Saturday, October 13, 2007

Snowshoes on Rampart Ridge

Looking forward to new tracks in the snow, I am revisiting other stories, written some years ago...

Snowshoes on Rampart Ridge

Bitter cold penetrates with a chill that cannot be dispelled, as we waddle along the trail, bundled in thick layers of clothing, clumsy burdensome snowshoes stealing all grace from our walk. Steaming clouds of frosty breath trail behind. Crusty snow emits weird squeaks and groans as our toes dig in.

We stop for a breather, at a vista overlooking the valley. Night in the deep woods is silent and brooding dark, swathed in a blanket of snow. Nature's array is spread forth before us in the moonlight, hundreds of acres of evergreen pines and spruces and firs, looming black and secretive in the still night air, climbing the hillsides and standing stern and motionless sentinels along the ridge tops.

Crossing a thick stand of brush, we stumble across a resting elk, who springs up in alarm at the disturbance. Which of us was frightened more? With sweeping strides and massive power, plunging headlong through the undergrowth at a thundering gallop, he escapes from our threat, and is gone from view almost before we realize what we are looking at. We stand there for a moment in amazed silence, gaping at each other like wondering fools.

Later on, crossing our trail like a silent wraith, a red fox flashes by and disappears into the chaparral. From time to time we hear a great owl, his muffled query floating across the dark forest, as he glides through the night sky, scanning the snow for prey.

We are the strangers here. This is no longer our world, we find no warmth in nature. We have too long allowed ourselves to be enticed away, wrapped in the insulating comfort of technology. In our complacence, we have been robbed of natural rapport with the forest. Now we stumble as aliens through this seemingly stark wilderness, interlopers for an hour, feeling as if we could barely survive a few miles trek through this unfriendly locale. To every creature of the forest, we are a threat and a foe. We don't belong.

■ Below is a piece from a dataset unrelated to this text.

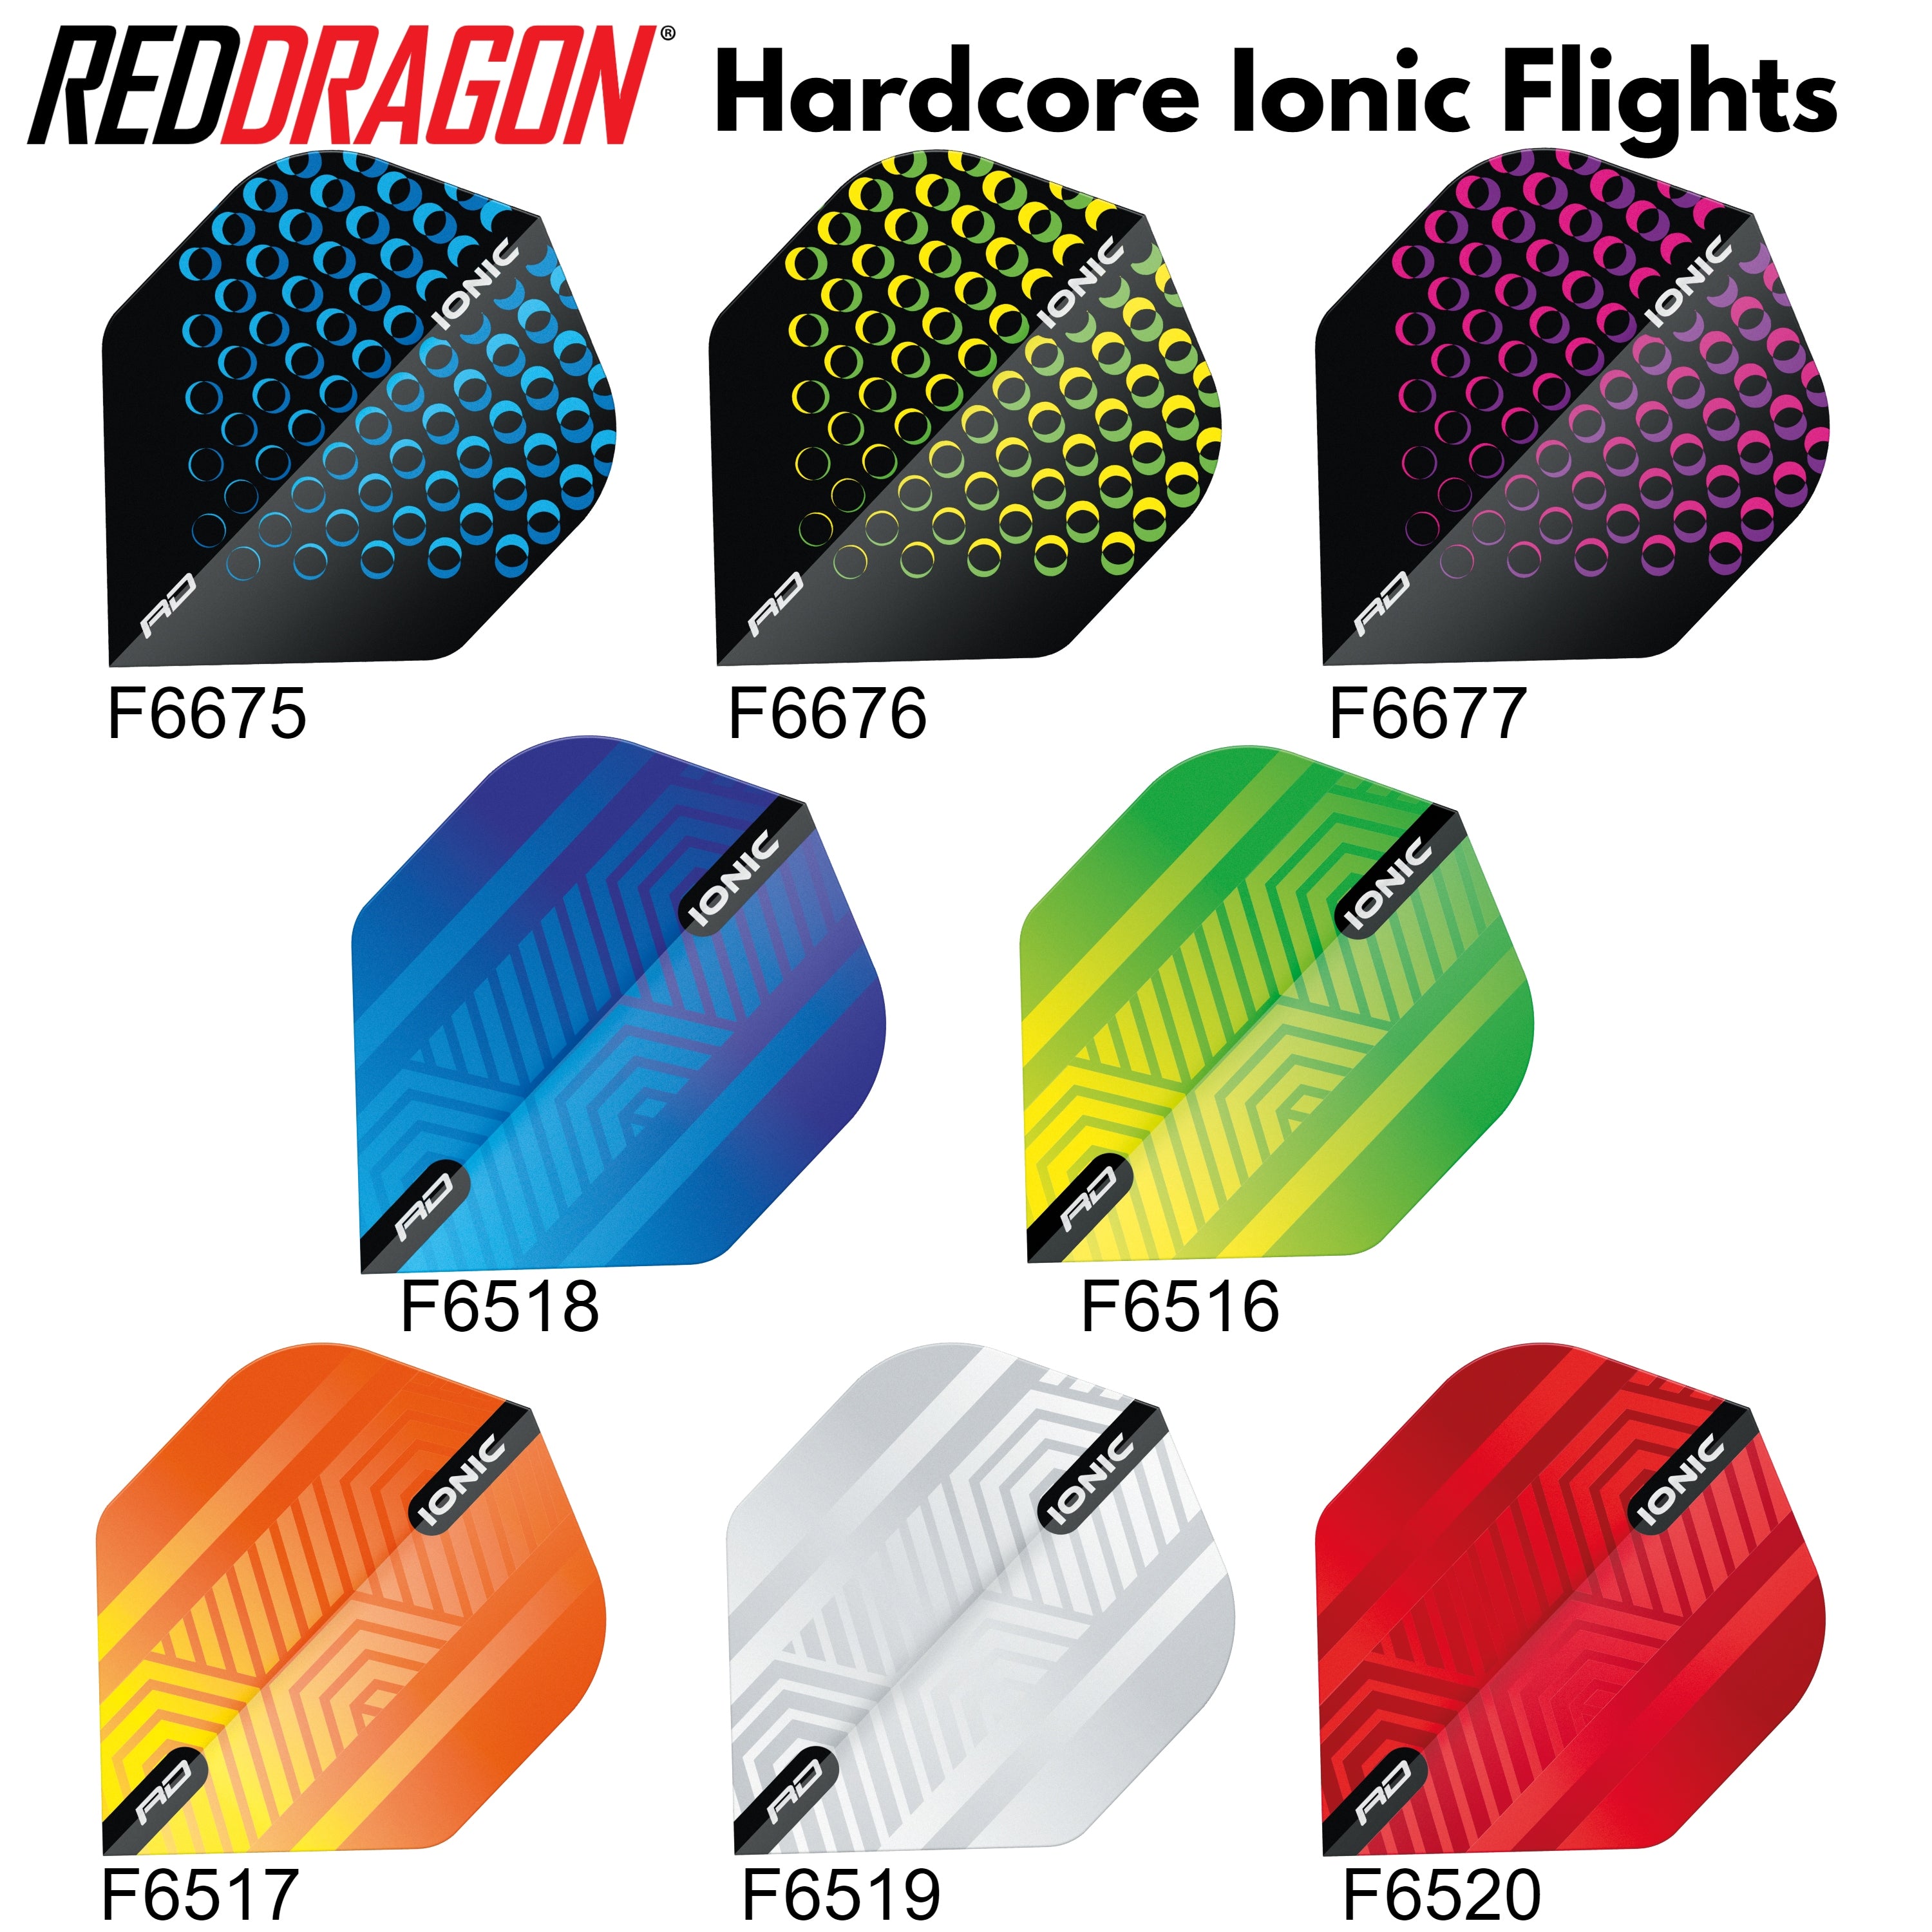 Red Dragon Hardcore Ionic Flights

In the end, we circle back to the car, arriving in relief back at civilization, anxiously looking forward to the comforts of home, and a long hot shower.

Symbols in the Snow

I think the fresh snowfall represents renewal. It is a tangible representation of the repentance process. New snow erases the old tracks and ruts, leaving a cold, clear surface upon which to begin again. It is a symbol of surpassing whiteness and purity, so clean and pristine. Waiting to receive whatever new impressions may come, tracks laid down over the smooth white surface. The snow uniquely records our passages and progress, the trail a chronicle of coming and going embedded in icy footsteps.

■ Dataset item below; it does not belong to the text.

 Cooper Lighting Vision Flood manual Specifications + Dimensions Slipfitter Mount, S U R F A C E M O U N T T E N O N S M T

In my back-yard treks, I follow an established snowshoe trail climbing up to the nearby summit of the mountain. I have found that after each new storm it is far easier to follow the old track to the top, rather than break from the trail on a new course. Under the top layer of unpacked powder, the firmer base of compressed snow offers better support for my ponderous advance.

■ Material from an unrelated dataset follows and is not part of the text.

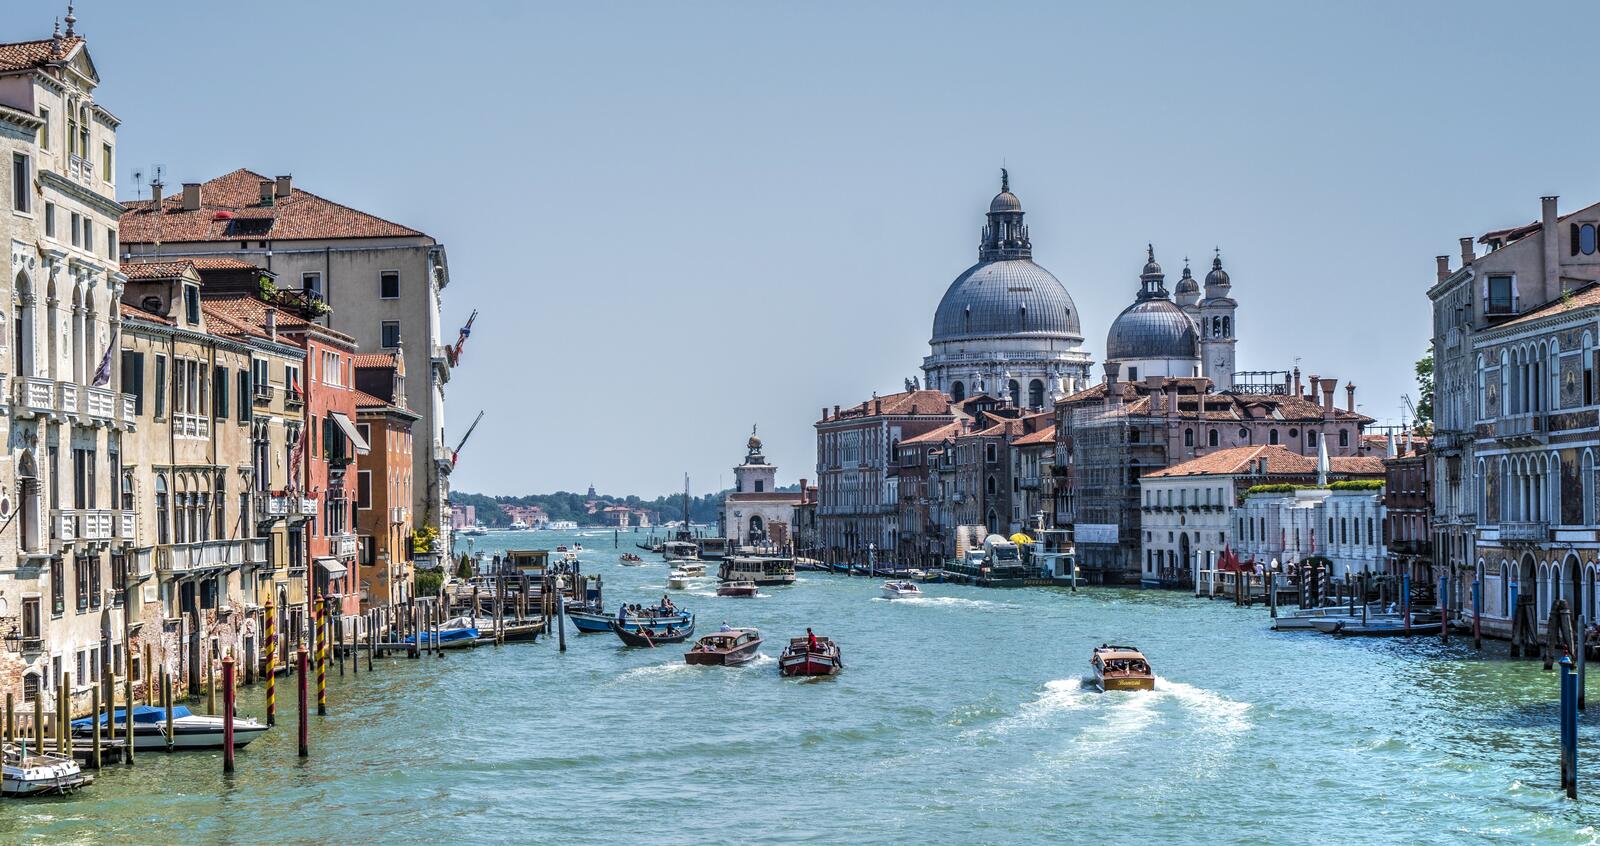 Обои Grand Canal Venice Венеция на рабочий стол

Over the past couple of months, my tracks through the snow have gathered in wandering footsteps of nearly every other creature happening by. Rabbits. Birds. Deer and elk follow the path, herd animals filing serially, each carefully placing feet precisely into the steps of the leader. I never see these creatures in the flesh, but they leave their tracks. I have been mighty curious about how the "footed-ness" of these animals might affect their gait. Do clumsy inept deer ever have trouble staying inside the lines? To my amusement, I sometimes find signs that these animals have as much difficulty navigating through the deep drifts as I. Occasional deep belly-marks. Errant tracks that diverge from the path, then join back. Though I suppose that with them, it is no laughing matter to forage in the desperate cold and barren winter-clad slopes seeking food.

I wonder about whatever unidentified dog-like creature happens to own those frighteningly large canine feet that also trail along in my footsteps. Sometimes the snow records the signs of their predation. Scattered tufts of fur and feathers. Bit of bones. Crimson blood spilled on the cold white snow. How much can such animals read from the tale of _my_ three-foot long treads. Are they ever watching me from among the trees along the bluff? Do they ever follow the scent of my slow and labored passage and dream about spilling more hot blood onto the cool clean snow?